- [Task item]: Repeat the listing word for word. Leave every picture out.

- [The data]:
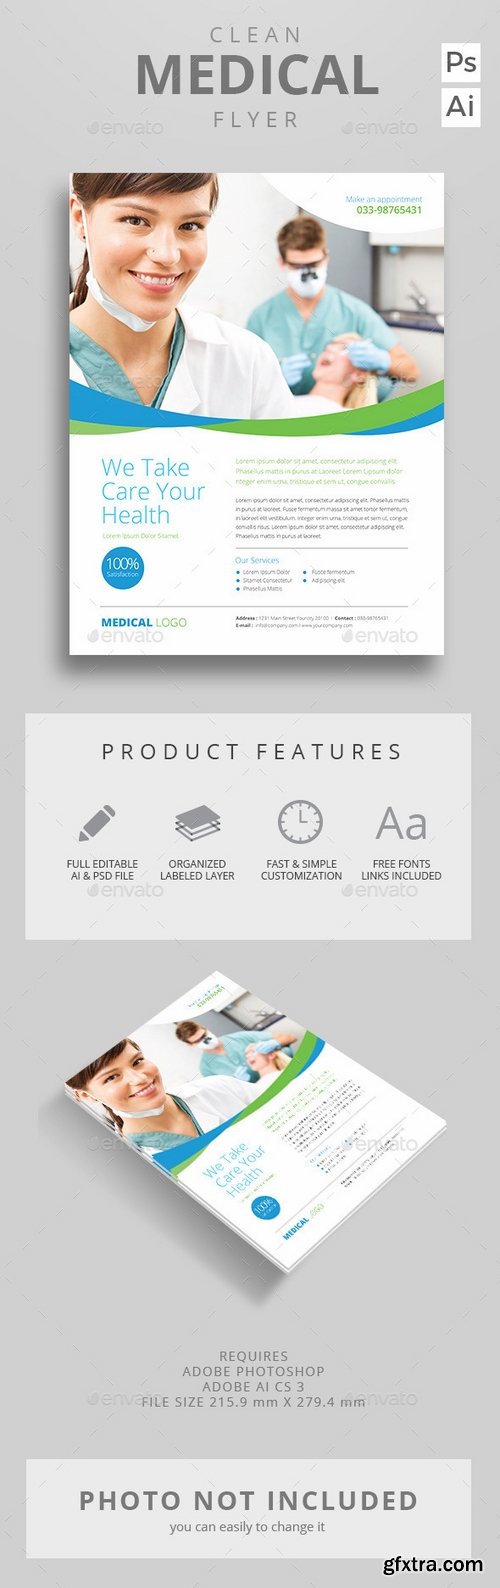 GraphicRiver - Clean Medical Flyer 12991906
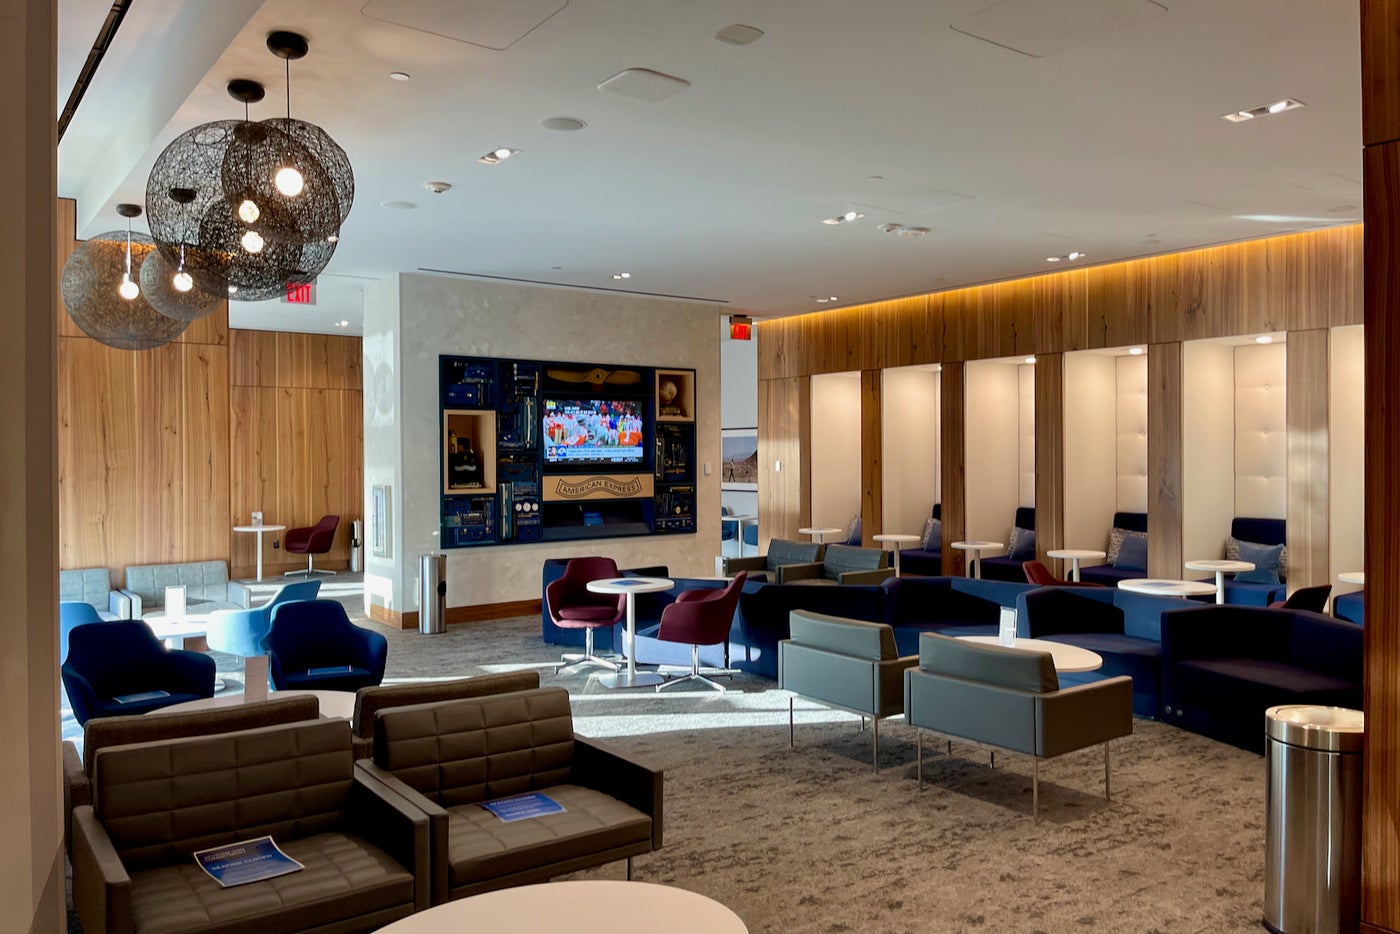 Amex reveals updated opening dates for new Centurion Lounges
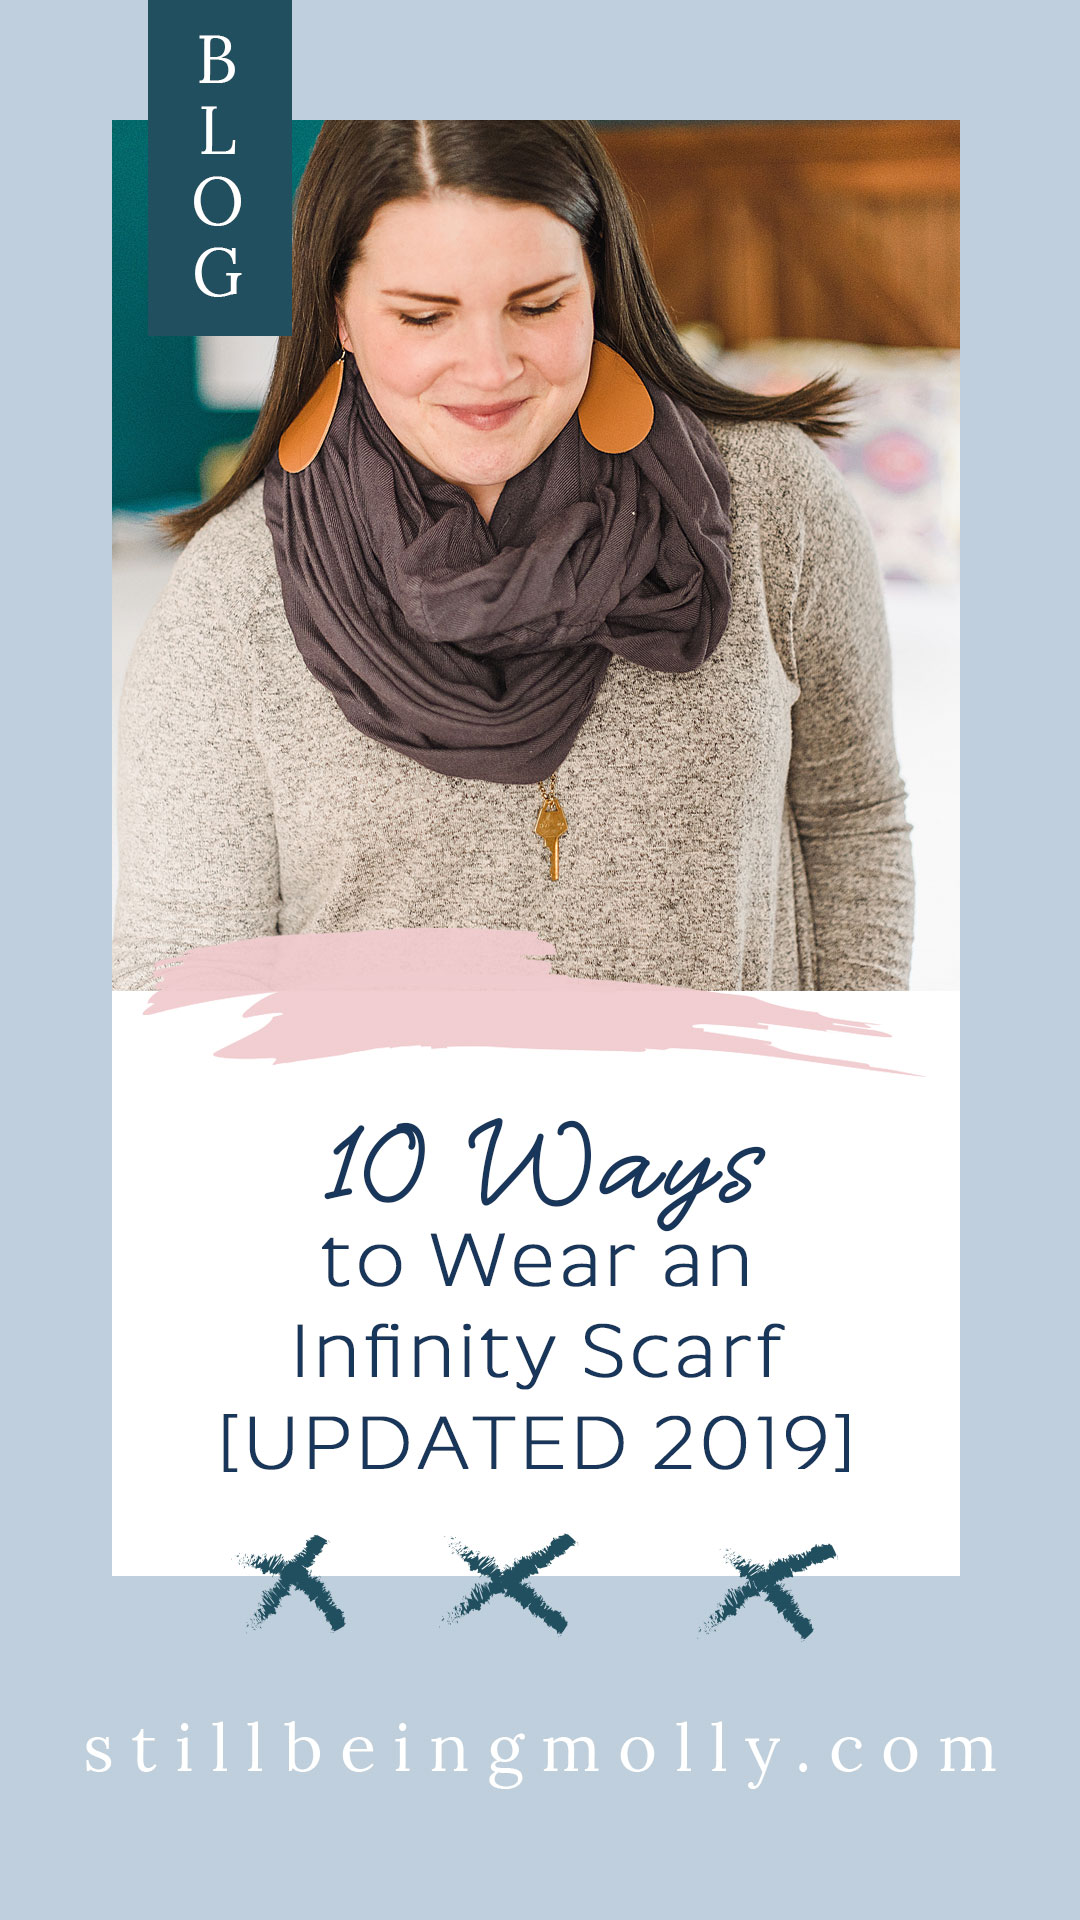 STYLE: 10 Ways to Wear an Infinity Scarf [UPDATED 2019] (1)
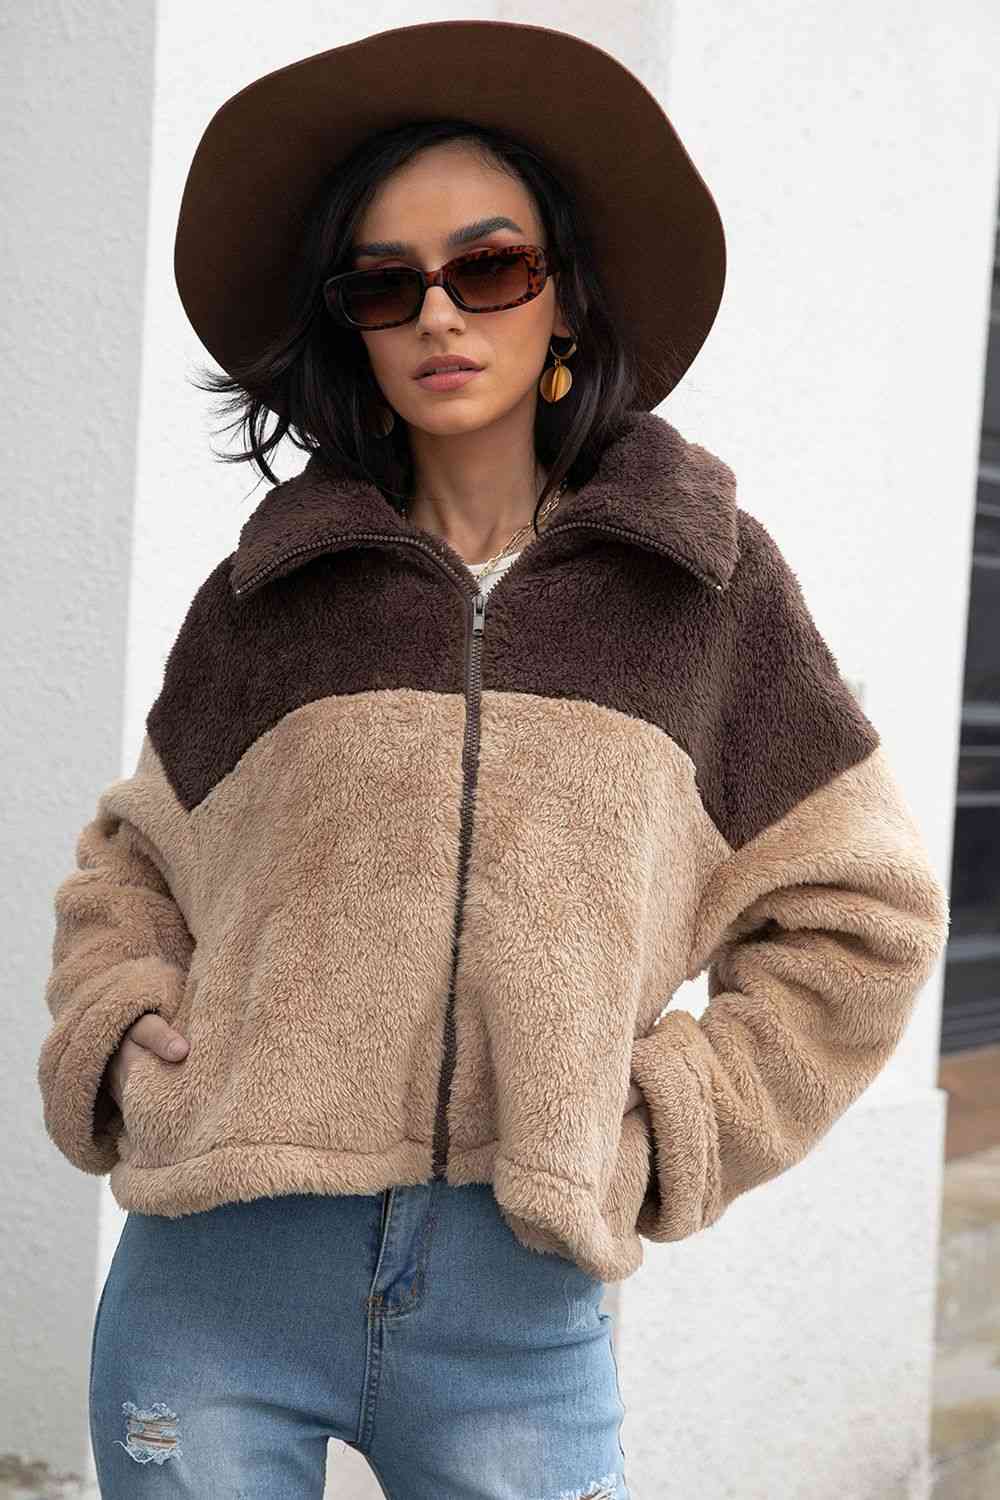 A 'Neck Fuzzy Jacket,' a cozy and warm jacket typically featuring a soft and fuzzy material around the neck or collar area, providing comfort and style for chilly weather.

- [Answer to the exercise]:
 GraphicRiver - Clean Medical Flyer 12991906
 Amex reveals updated opening dates for new Centurion Lounges
 STYLE: 10 Ways to Wear an Infinity Scarf [UPDATED 2019] (1)
 A 'Neck Fuzzy Jacket,' a cozy and warm jacket typically featuring a soft and fuzzy material around the neck or collar area, providing comfort and style for chilly weather.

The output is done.